In 2007, Halldór Auðar Svansson, 27, was working as a programmer in one of the main Icelandic banks, Kaupthing Bank. As a young professional, he was seduced by Kaupthing’s stated ambition to become one of the world’s top ten banks. Seven years later, Kaupthing Bank has collapsed and Svansson is the first Pirate to sit in a majority coalition, in the Icelandic capital city Reykjavik. I met him a few weeks after he took office. Among the consequences of the 2008 Icelandic financial crisis, two were particularly instrumental in Halldor’s decision to get involved in politics. The first one started with a joke. In 2010, the Best Party (a “joke party”) and its self-declared “anarcho-surrealist” leader, Jón Gnarr, won the Reykjavik municipality, a key position in the country’s political life. For Svansson, “2008 movements did actually change the way politics was done. The Best Party was a direct response to how people were disillusioned with the political system. It was a ‘parodic rebellion’, which turned out to be probably the best thing that could have happened to Reykjavik at that point.”
The second development that cemented Svansson’s decision to enter politics occurred three years later, in 2013, when three members of the Pirate Party were elected to the National Parliament only a few months after the Party was established. In the Pirates, Svansson found a party to which he could commit fully. He got involved at the grassroots level before running in the primary organised by the party ahead of the 2014 Reykjavik City Council elections.

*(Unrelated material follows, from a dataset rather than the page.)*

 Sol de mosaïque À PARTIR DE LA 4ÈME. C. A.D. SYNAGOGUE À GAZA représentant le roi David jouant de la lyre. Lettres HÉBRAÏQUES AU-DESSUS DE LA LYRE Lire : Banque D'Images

He now intends to use his seat in the majority coalition of Reykjavik and his chairing of the municipal Committee on Administration and Democracy to instigate the changes he and his party have been calling for, especially regarding governance. “This is,” Svansson acknowledges, “a very interesting challenge for me and the Pirates in Iceland as well as for the Pirates as an international movement because we are pretty rebellious and we are trying very actively to change the system itself, to be critical of the establishment. Now we’re trying to do this from within the system.”